Thursday, January 19, 2012

Encouraged

He will have no fear of bad news; his heart is steadfast, trusting in the LORD. (Psalm 112:7)

For those of you who don't know me well, I am an anxious person. Okay, to be honest, I am ridiculously worried about ridiculous things. I let "what ifs" take over and I seem to think glass-half-empty thoughts quite often. It's hard to get ready in the morning and read this verse from Psalms on my bathroom mirror. Sometimes I feel confident that I will breeze through the day. Other days, I feel like I could puke from the sense of dread that sits in my tummy.

Today I had coffee with a friend of mine who I have not seen in a couple of years. God's wisdom is amazing. The way He knows what each of us is going through is awesome enough. The fact that He connects us with others who can relate? Or the way He puts folks in our lives at exactly the right time? It reminds me that He has me in the palm of His hand. Today I was able to listen to someone tell me about their life, and all the intensely wonderful things that God is doing. It was so inspiring. As I listened to her tell me all about their family's adventure, I realized that I am not the only person who dreams big and feels like crazy things are possible. More than that, crazy things are what God desires for us....Take risks, He tell us. Get UNcomfortable. Let go and I will steer.

I'll show up and take care of you as I promised and bring you back home. I know what I'm doing. I have it all planned out—plans to take care of you, not abandon you, plans to give you the future you hope for.  (Jer. 29:11, The Message)

He will show up and take care of us. And then to top it off, He will bring us back HOME to His house one day. He has it all under control; it's all good. He will give us the future that we hope for- maybe not in the form of what we expected, but He will meet the desires of our heart one way or another.

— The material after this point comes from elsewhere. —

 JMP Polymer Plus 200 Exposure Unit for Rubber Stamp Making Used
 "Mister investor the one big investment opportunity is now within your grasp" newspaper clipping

Someone once called me "flighty" and it wore on my nerves. I immediately started to question myself. WAS I indeed someone who could not remain on one path? Or someone who could not make a decision and stick to it? I prefer to think that I am a follower. A follower of my Father God, that is. I go where He leads. I don't always go without questioning (or without whining, for that matter) but I try to listen to Him and follow. This may cause me to up and move in the middle of something, or it may cause me to change my mind. If this makes me flighty, then so be it. Spending time with this friend today made me realize that I'm not the only person who knows that with God, the impossible can indeed become a reality.


1 comment:

  1. LOVE it!!! :) Can't wait to see where God is leading you!